▶ Task to carry out
Below are the records; repeat exactly their lines between the line holding "ピアノソロ:神秘的な和風ジングルの未再生の波形" and the line holding "Camisa Formal Wear", inclusive, skipping the pictures.

Start of Extracted data

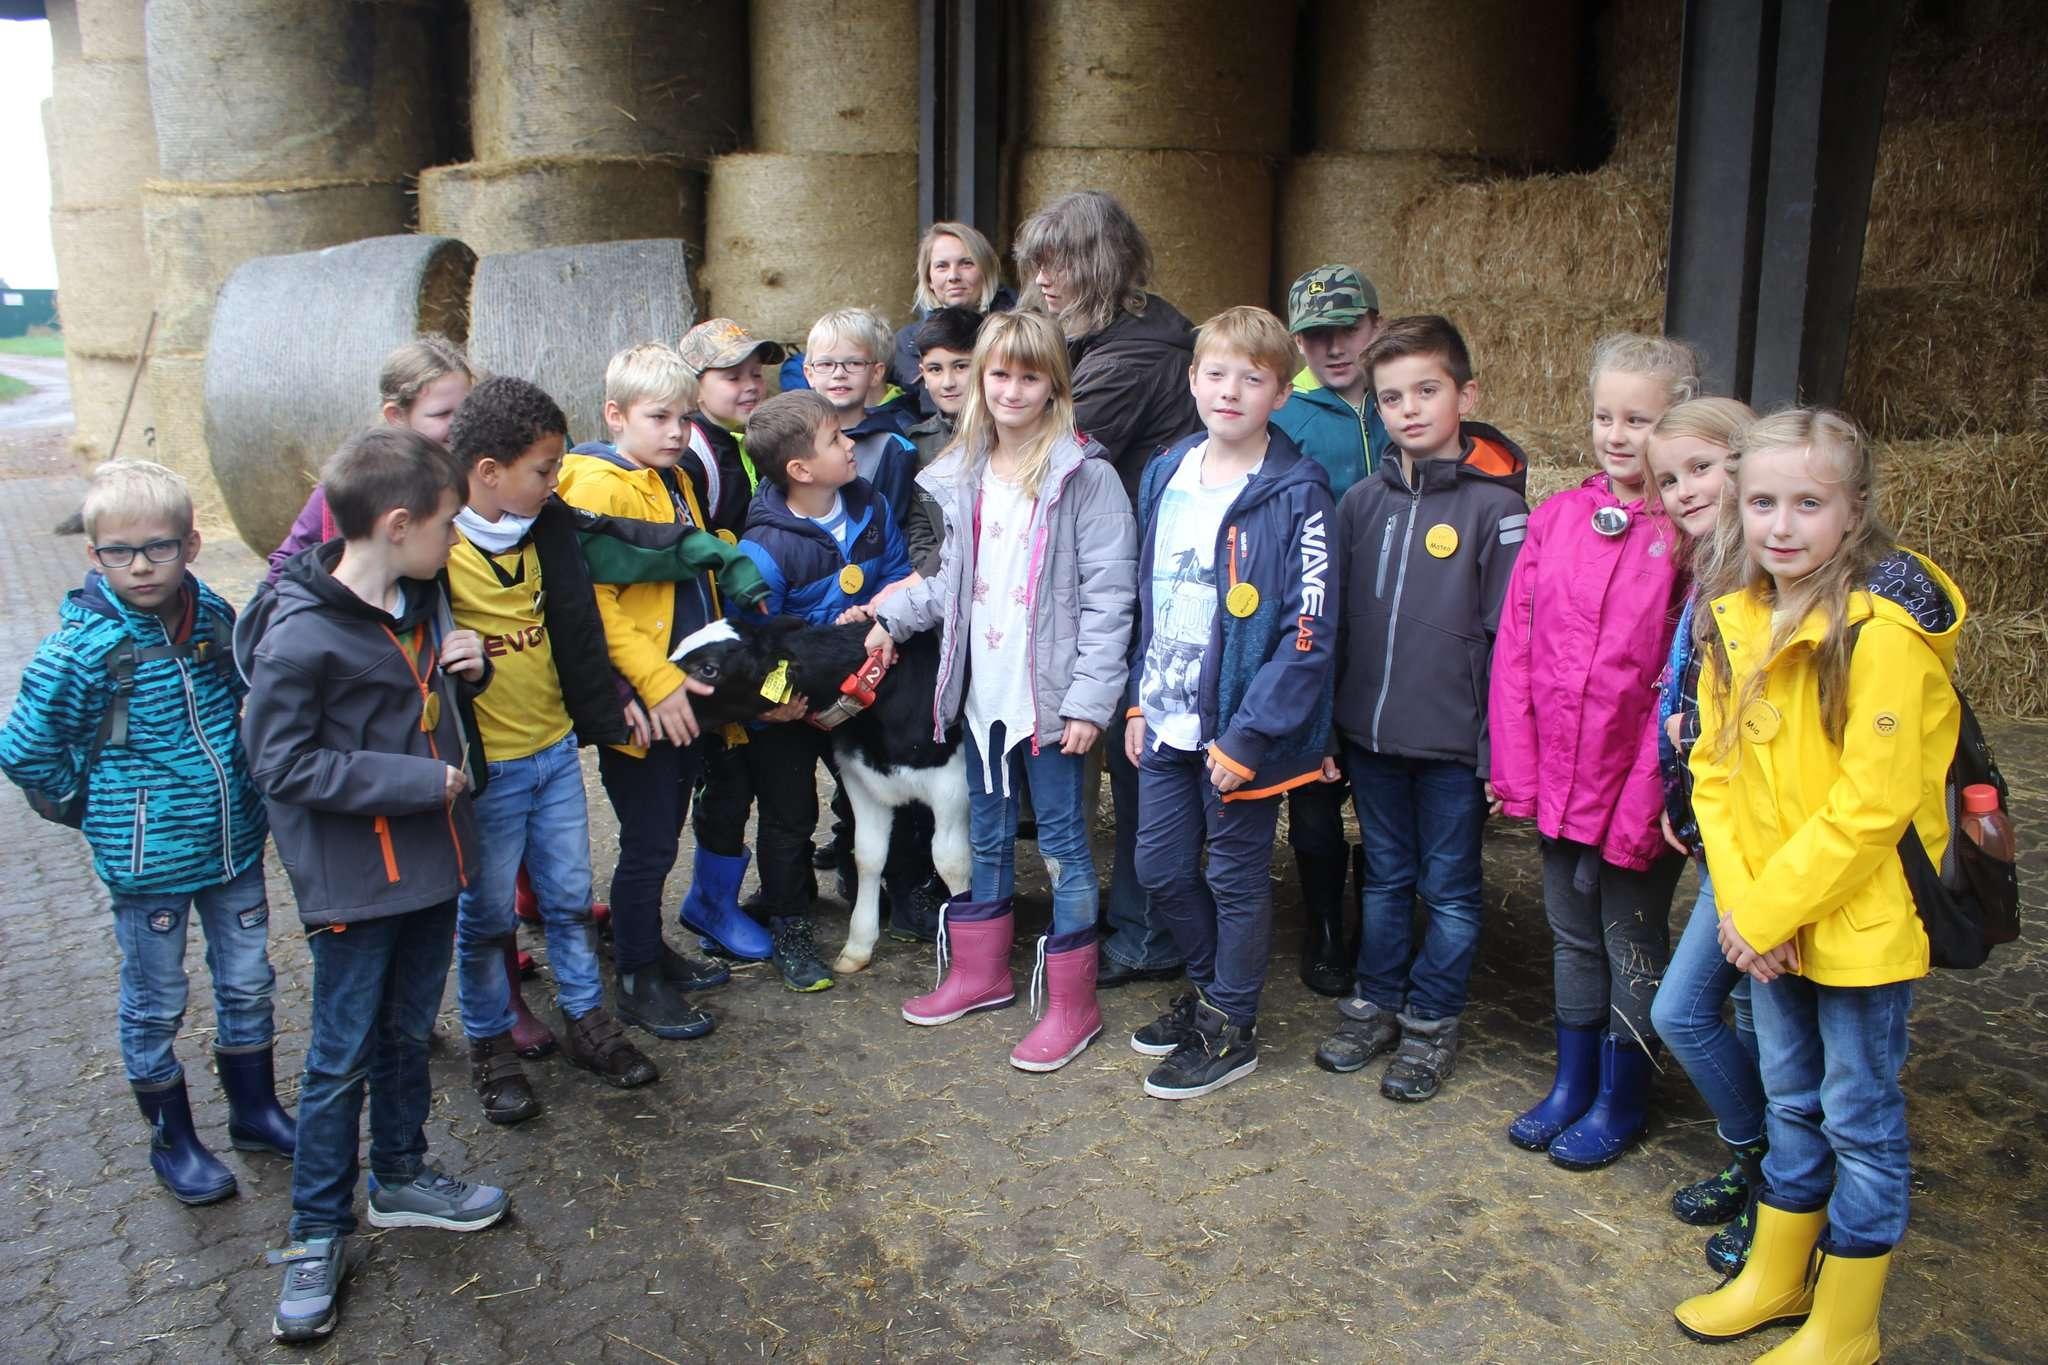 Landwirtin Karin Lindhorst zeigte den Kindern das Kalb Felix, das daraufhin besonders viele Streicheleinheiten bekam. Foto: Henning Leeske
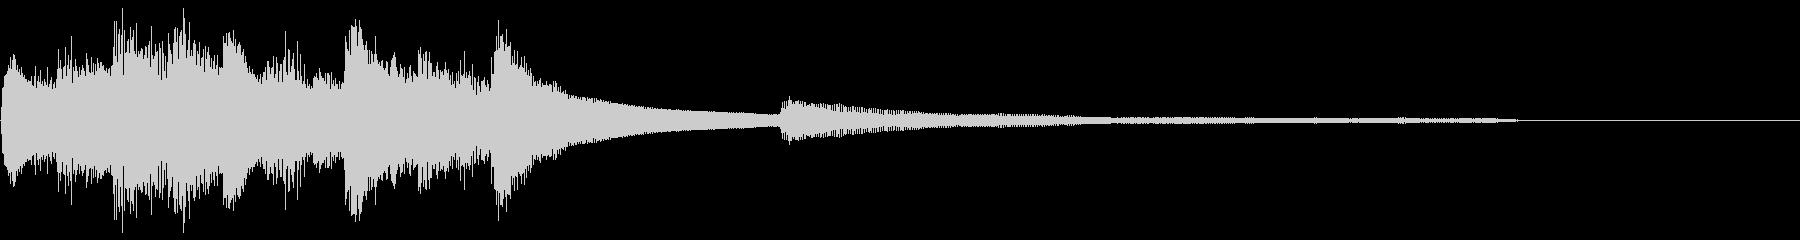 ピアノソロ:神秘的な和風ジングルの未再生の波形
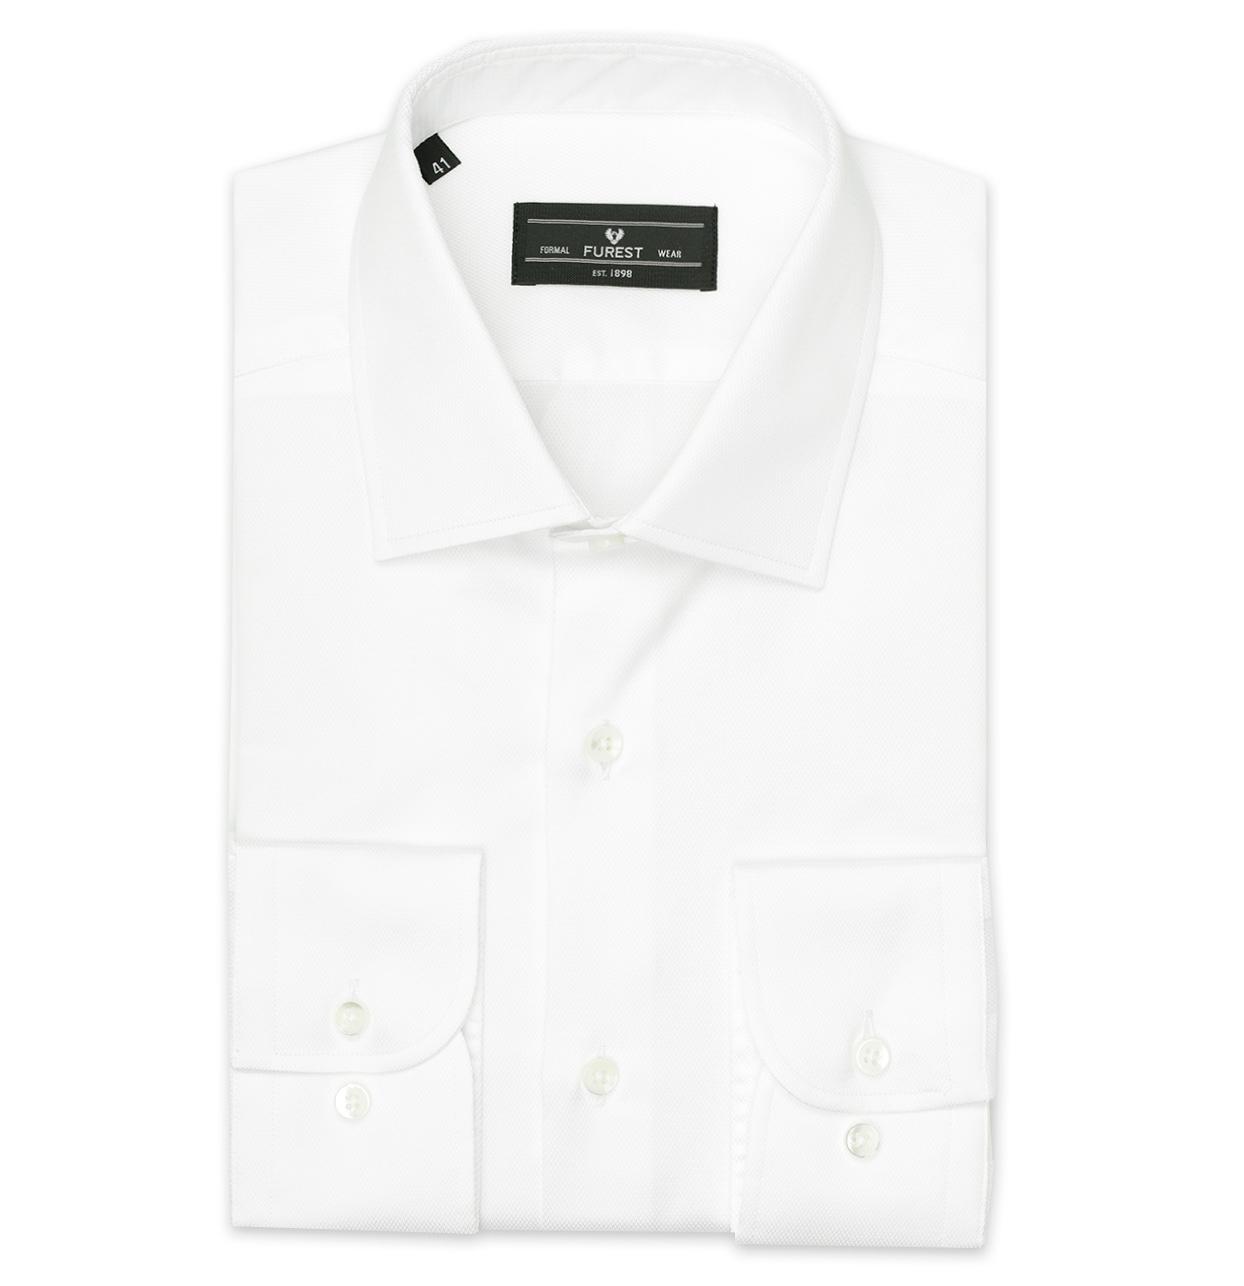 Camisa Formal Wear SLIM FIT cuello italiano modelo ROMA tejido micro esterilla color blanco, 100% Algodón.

End of Extracted data
Start of Extracted data

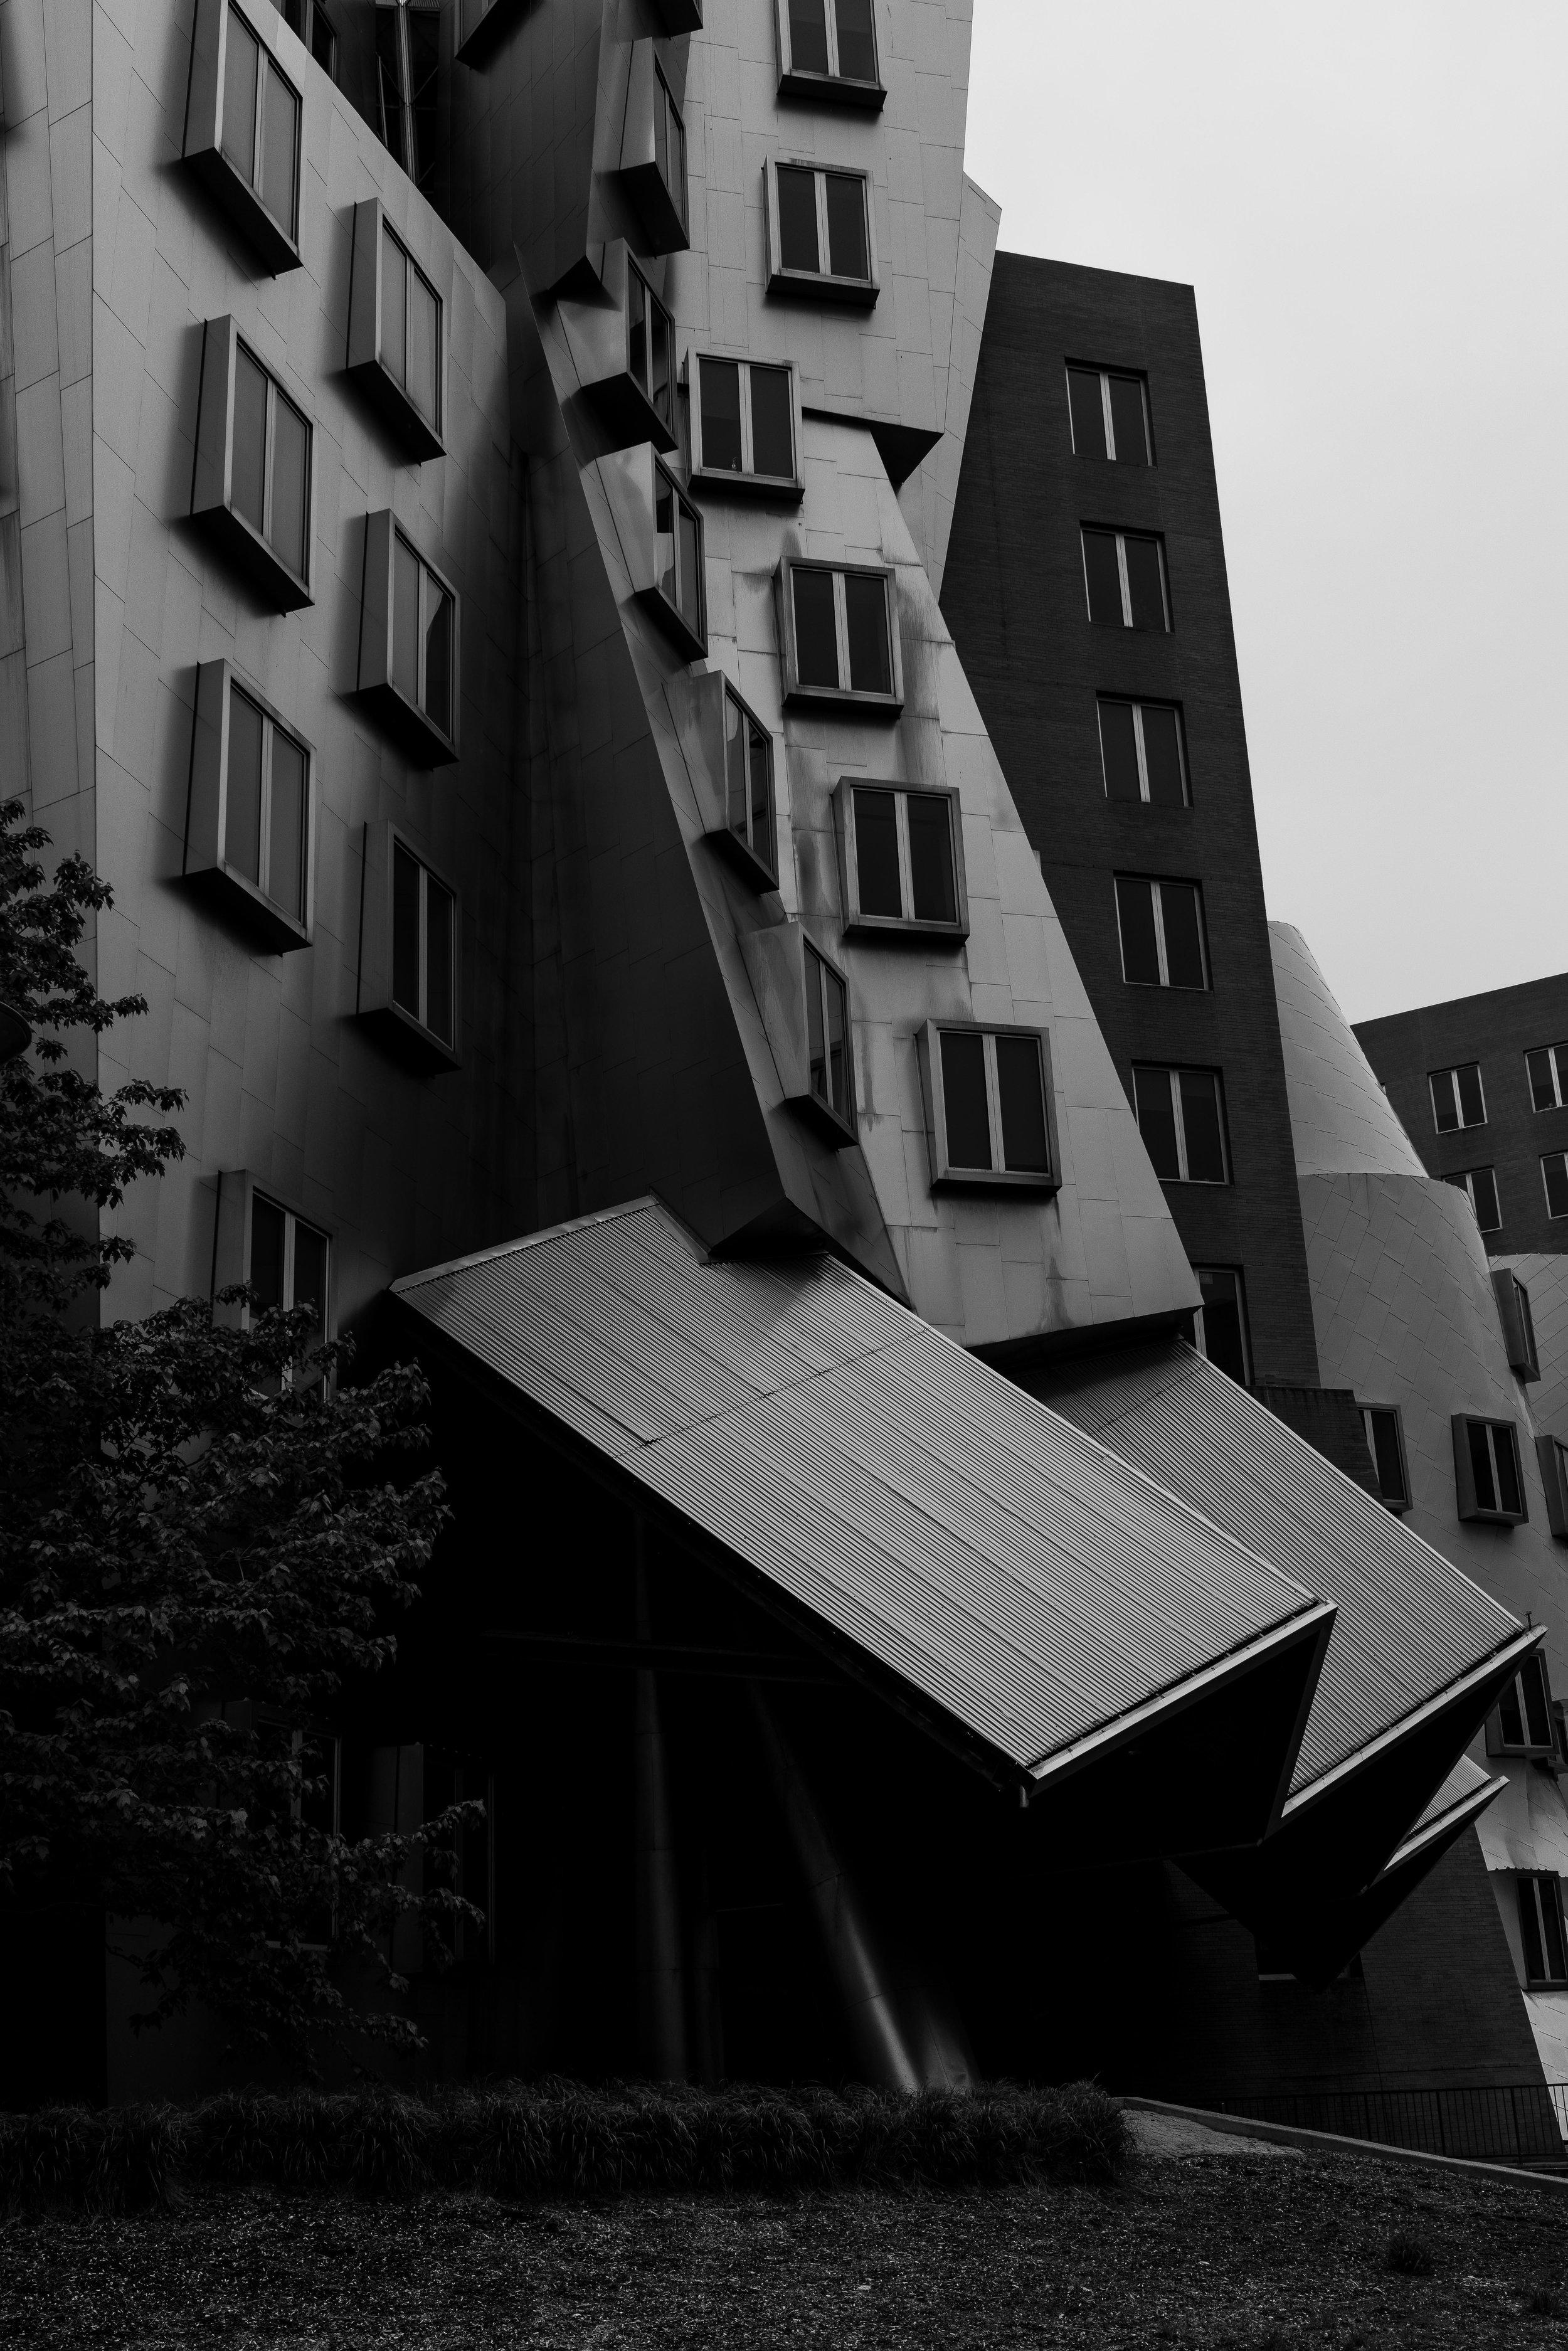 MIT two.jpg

End of Extracted data

▶ Task solution
 ピアノソロ:神秘的な和風ジングルの未再生の波形
 Camisa Formal Wear SLIM FIT cuello italiano modelo ROMA tejido micro esterilla color blanco, 100% Algodón.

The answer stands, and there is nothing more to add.